PROBLEM DETAILS:
Transcribe every line of the material below without change, apart from dropping the pictures.

THE DATA:
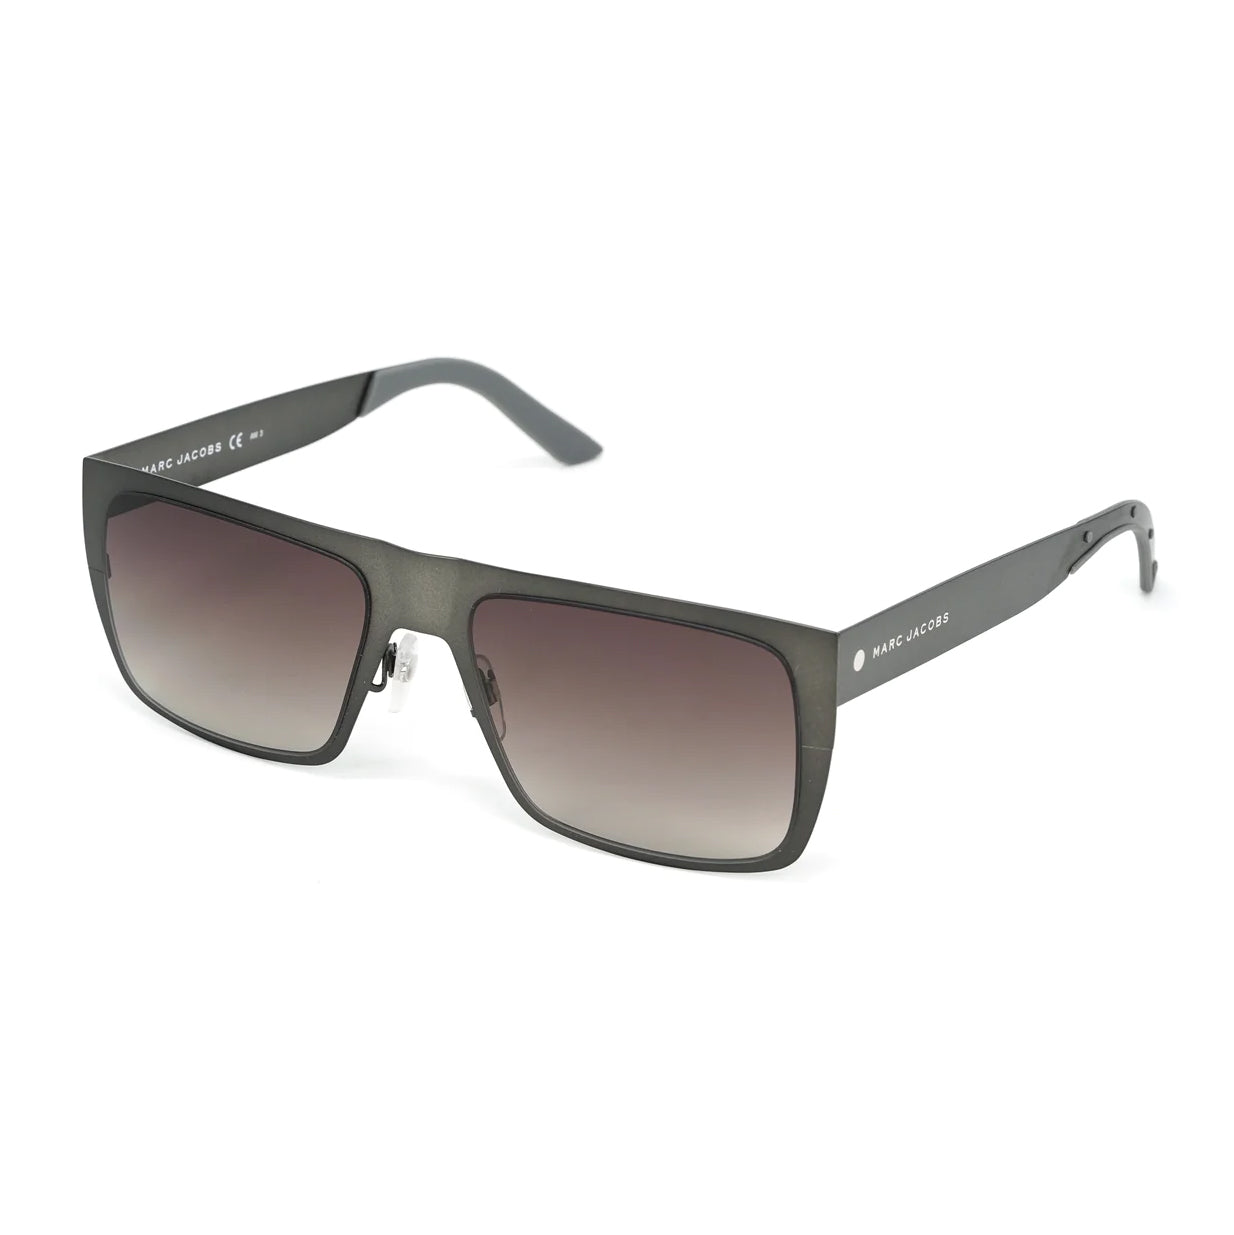 Marc Jacobs Men's Rectangular Sunglasses Flat Top Grey MARC 55/S R80/HA
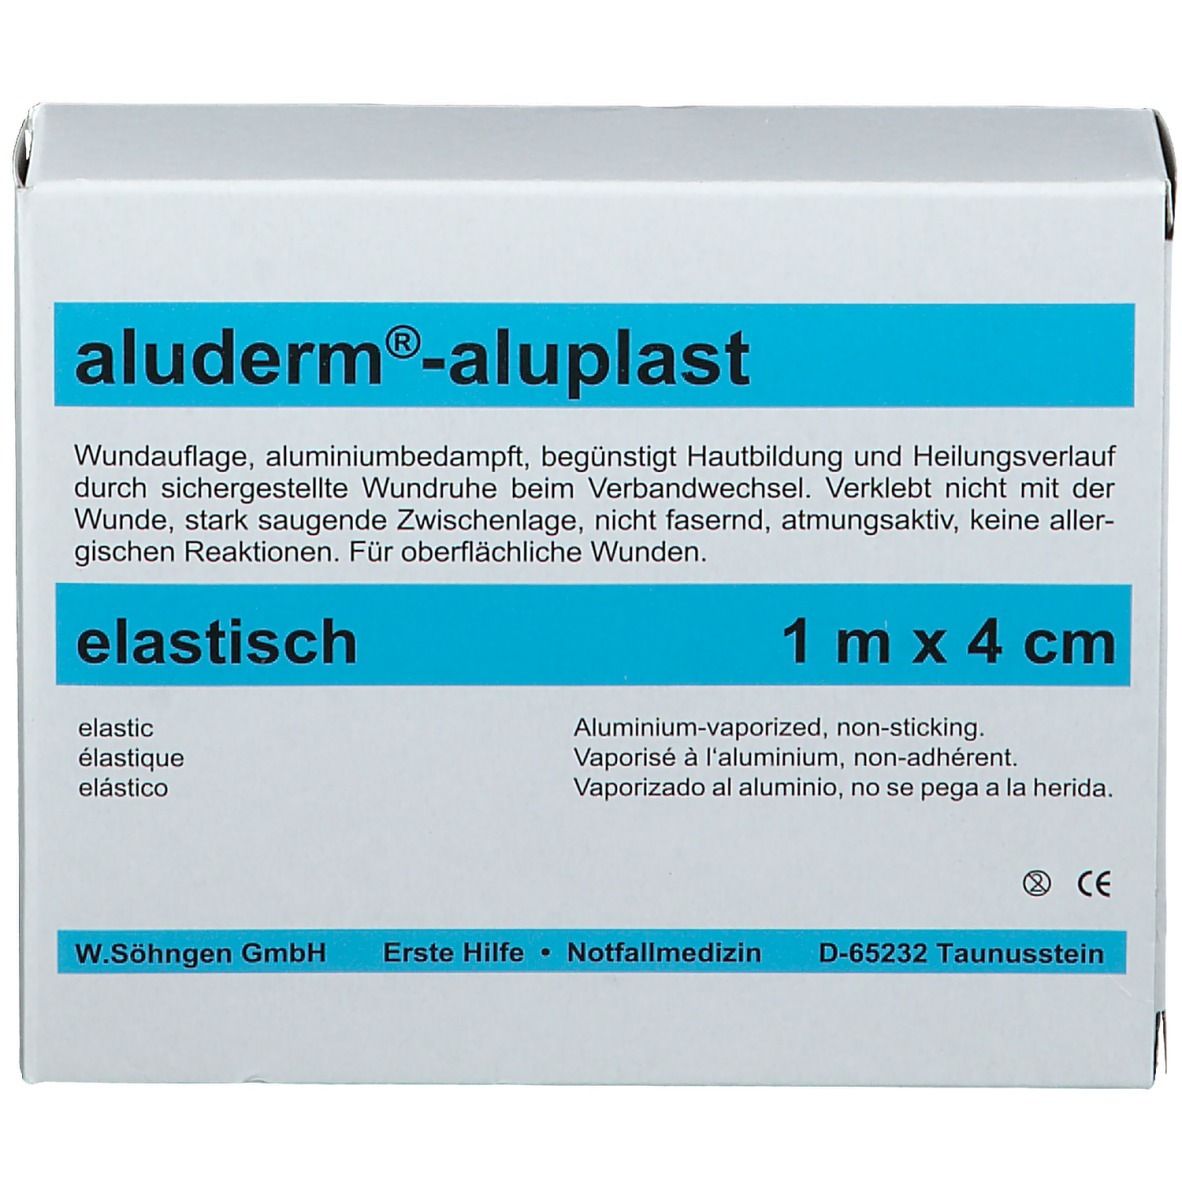 Söhngen® aluderm®-aluplast elastisches Pflaster | 1 m x 4 cm  
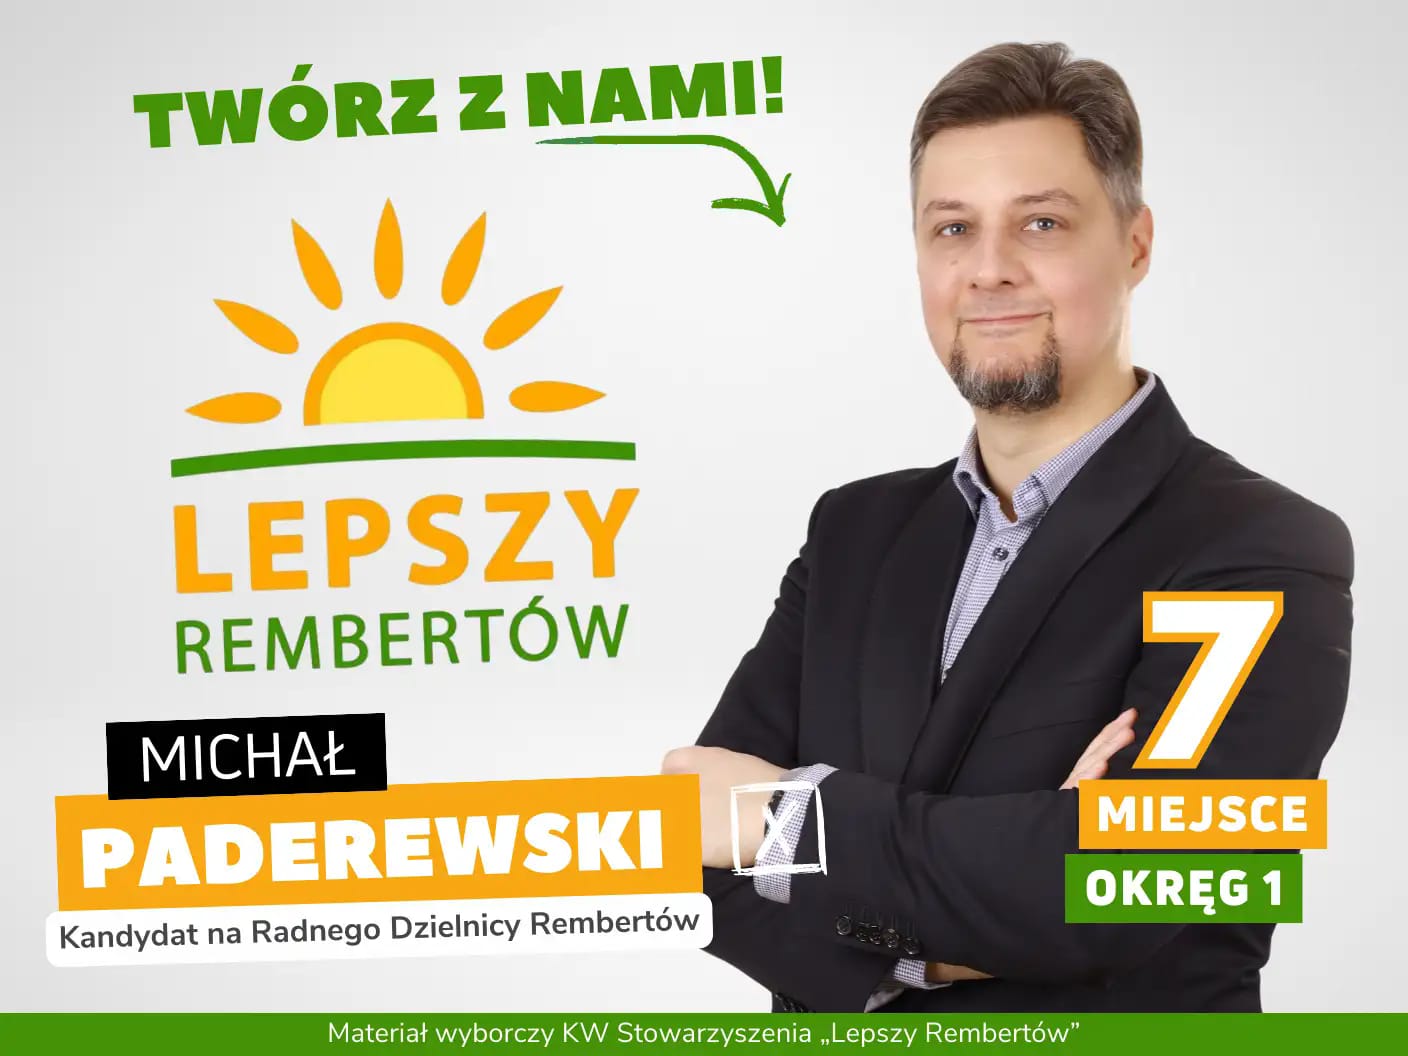 Michał Paderewski Okręg 1 miejsce 4
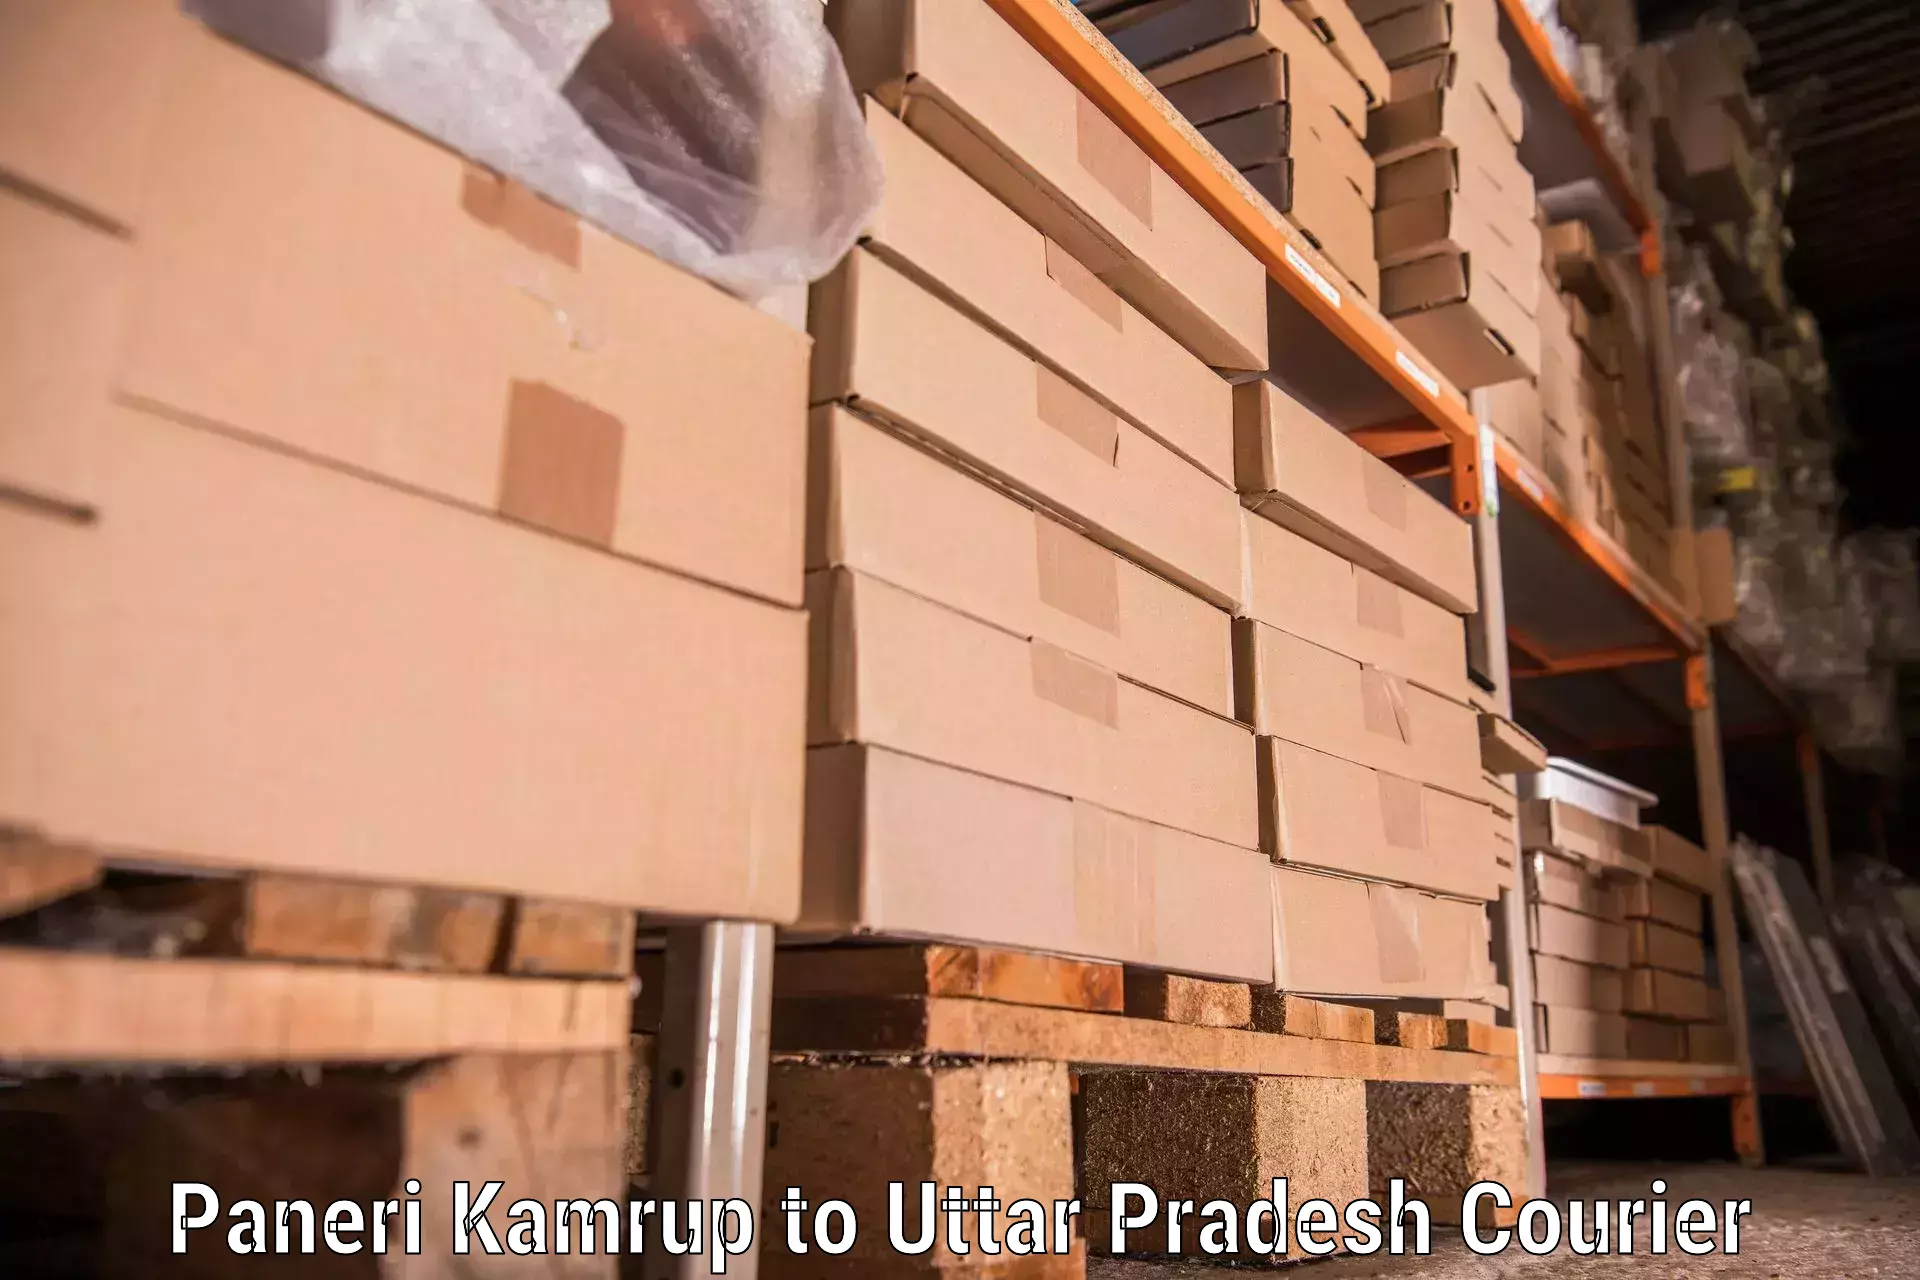 Furniture moving service Paneri Kamrup to Vrindavan

ANSWER BOX:
 Marc Jacobs Men's Rectangular Sunglasses Flat Top Grey MARC 55/S R80/HA
 Söhngen® aluderm®-aluplast elastisches Pflaster | 1 m x 4 cm  
 Michał Paderewski Okręg 1 miejsce 4
 Furniture moving service Paneri Kamrup to Vrindavan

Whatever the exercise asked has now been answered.